Book review: ‘The Sea View Has Me Again’ by Patrick Wright

Uwe Johnson in Sheerness (1974–1984).

‘The Sea View Has Me Again’ by Patrick Wright

This huge, surprisingly entertaining book is really two books in one: a short biography of the great East German novelist Uwe Johnson—no, me neither—and a much longer history of the Isle of Sheppey at the mouth of the Thames estuary. The two subjects are not as incongruous as they might seem: Johnson spent the last decade of his life effectively in exile on the island, trying to finish the fourth and final volume of his magnum opus Jahrestage. Aus dem Leben von Gesine Cresspahl [Anniversaries. From the Life of Gesine Cresspahl].

As I say, the book is huge. I had no idea it was such a doorstop when I ordered it, having been intrigued by John Mitchinson’s endorsement in the preamble to episode 125 of the excellent Backlisted podcast. When it landed, I must confess I found the prospect of reading such a long book on such obscure subject-matter somewhat daunting. But I ended up thoroughly enjoying it, getting through the 734 pages in only a few days.

If I’m brutally honest, as I read the book, it did feel a bit as if two very different books had been bolted together—although I would have been quite happy reading either. But, with hindsight, I very much enjoyed the strange merging of subjects.

The book is meticulously researched and profusely illustrated, although some of the photographs were way too small for my liking.
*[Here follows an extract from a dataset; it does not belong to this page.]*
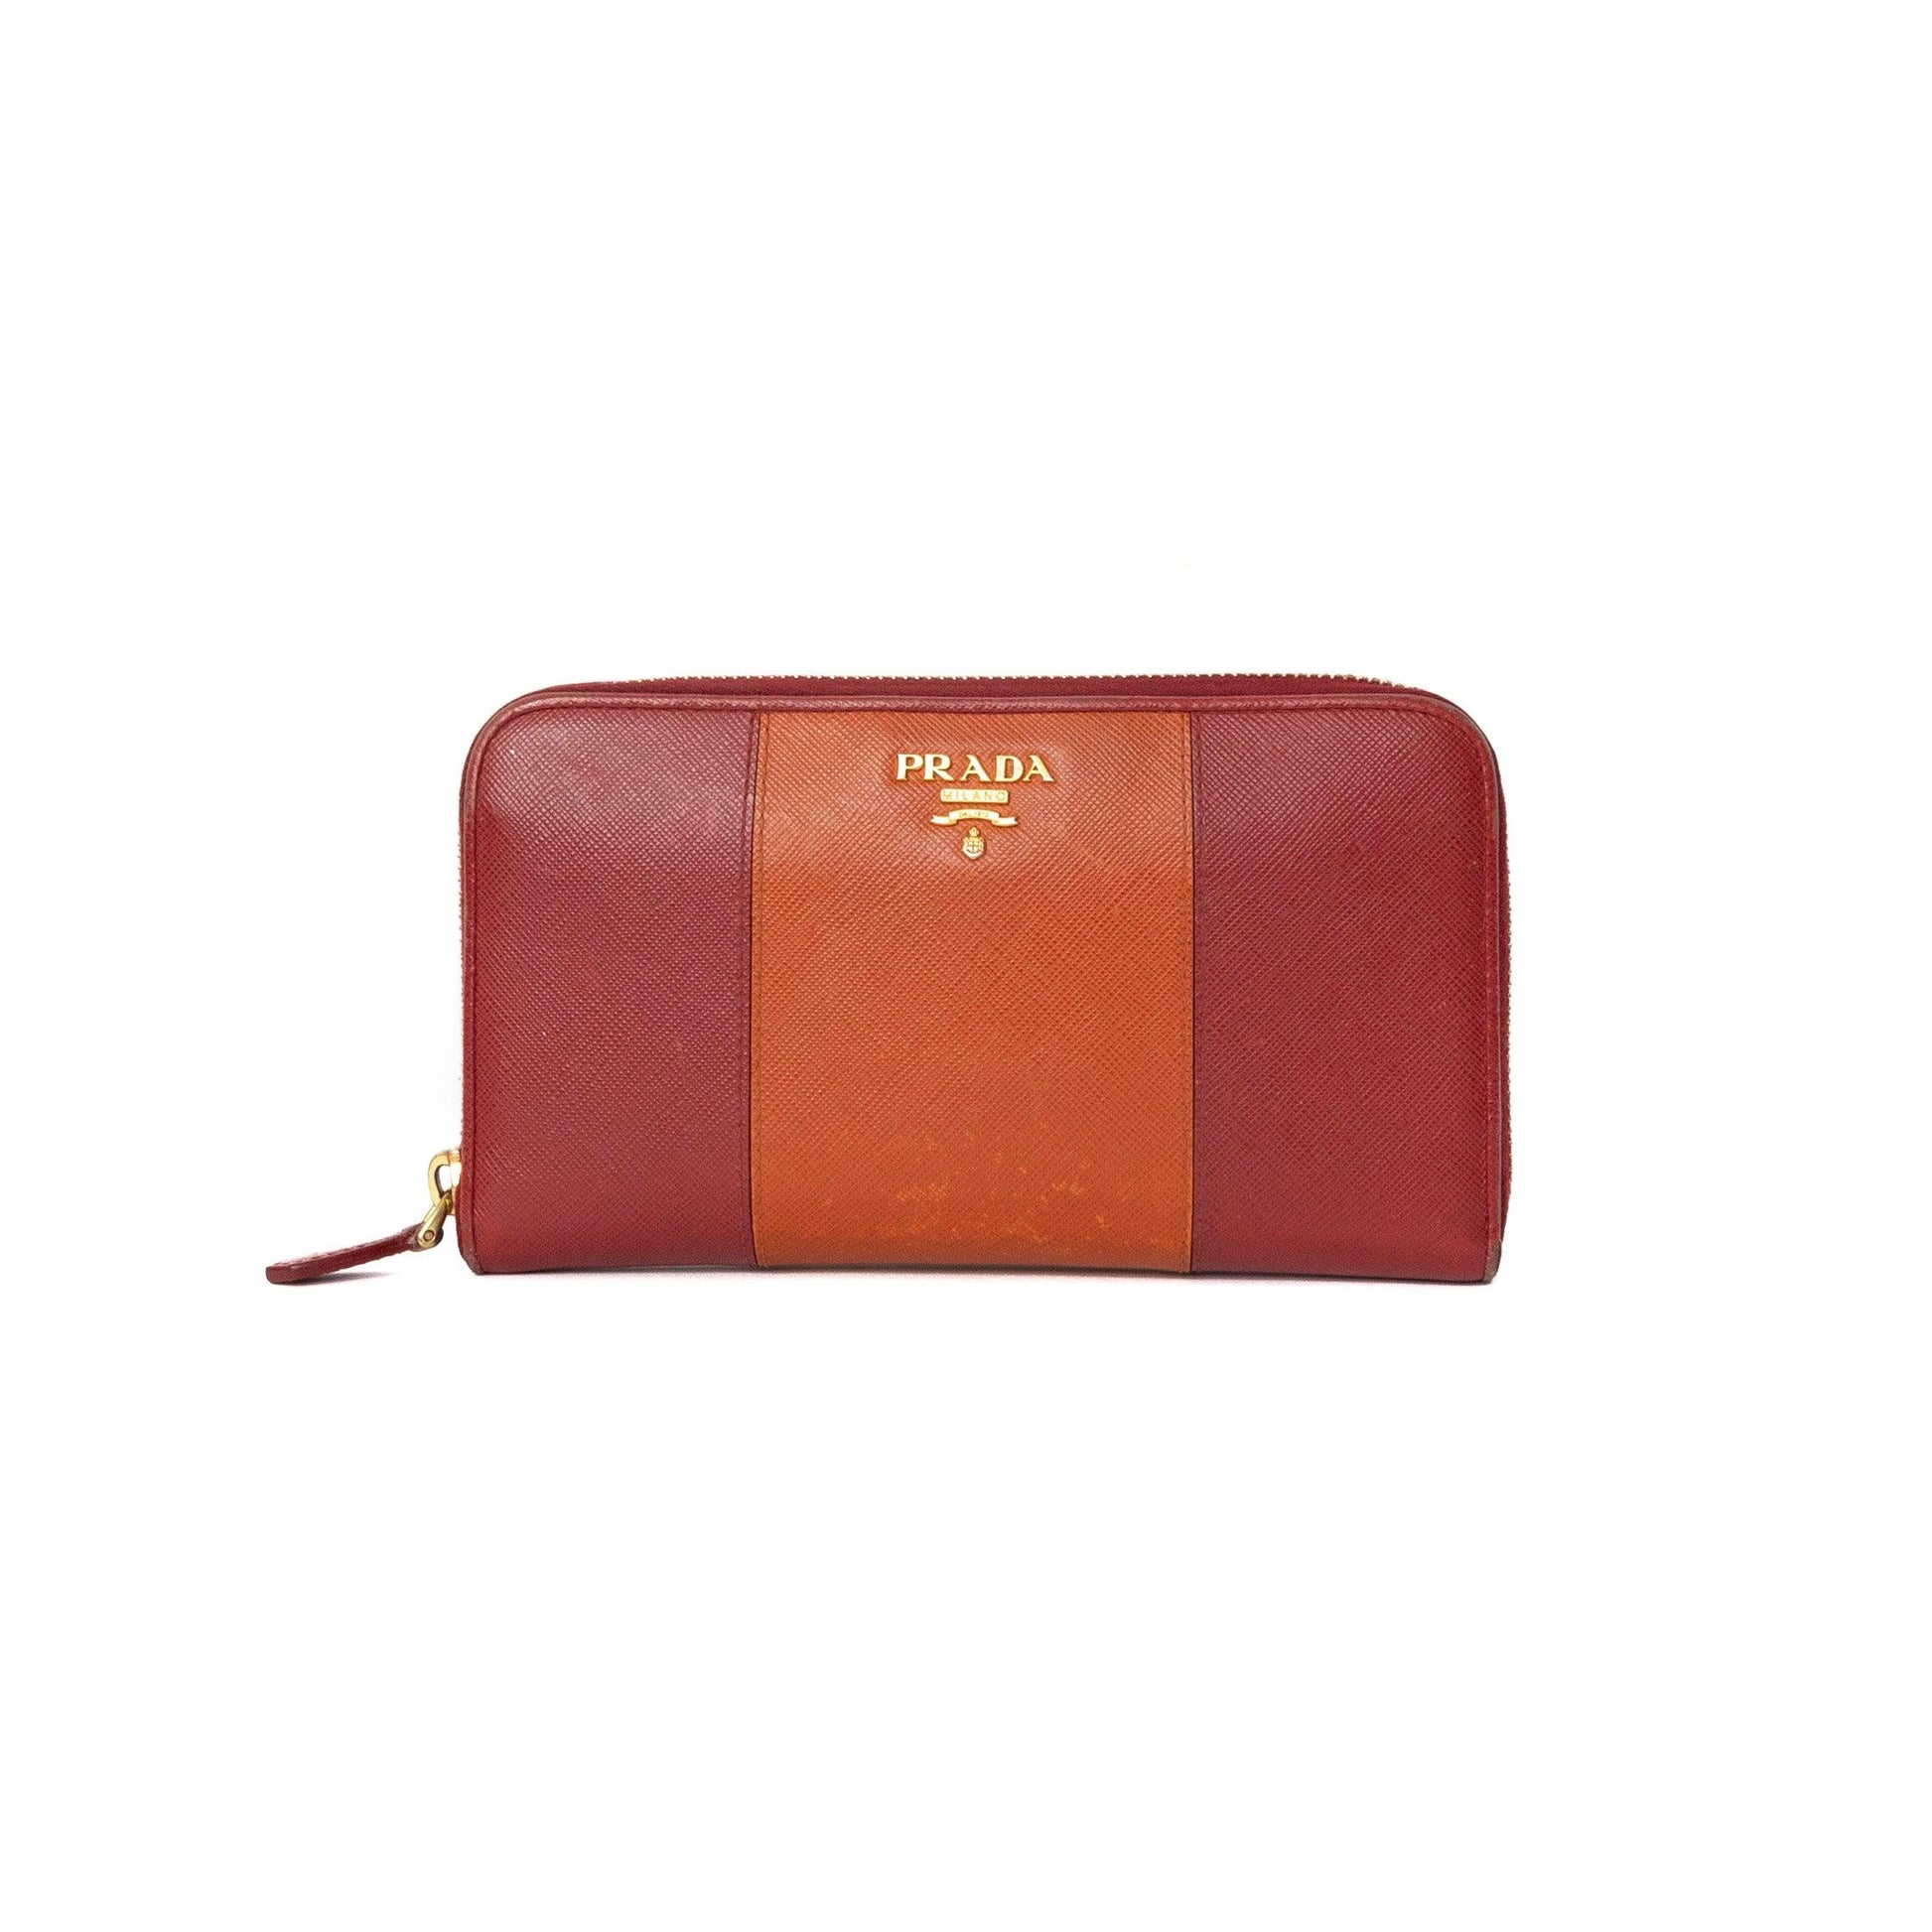 Prada Textured Leather Two-Tone Purse - Known Source

I dare say they had to be kept small to prevent the book being even thicker. The sections on the history of Sheppey, a former naval town which has fallen on hard times, were surprisingly engaging to this northerner. And Uwe Johnson turns out to be a surprisingly interesting chap, despite the fact I’d never heard of him. (Ah, but will I ever read his magnum opus, I hear you wonder… Well, no I won’t.)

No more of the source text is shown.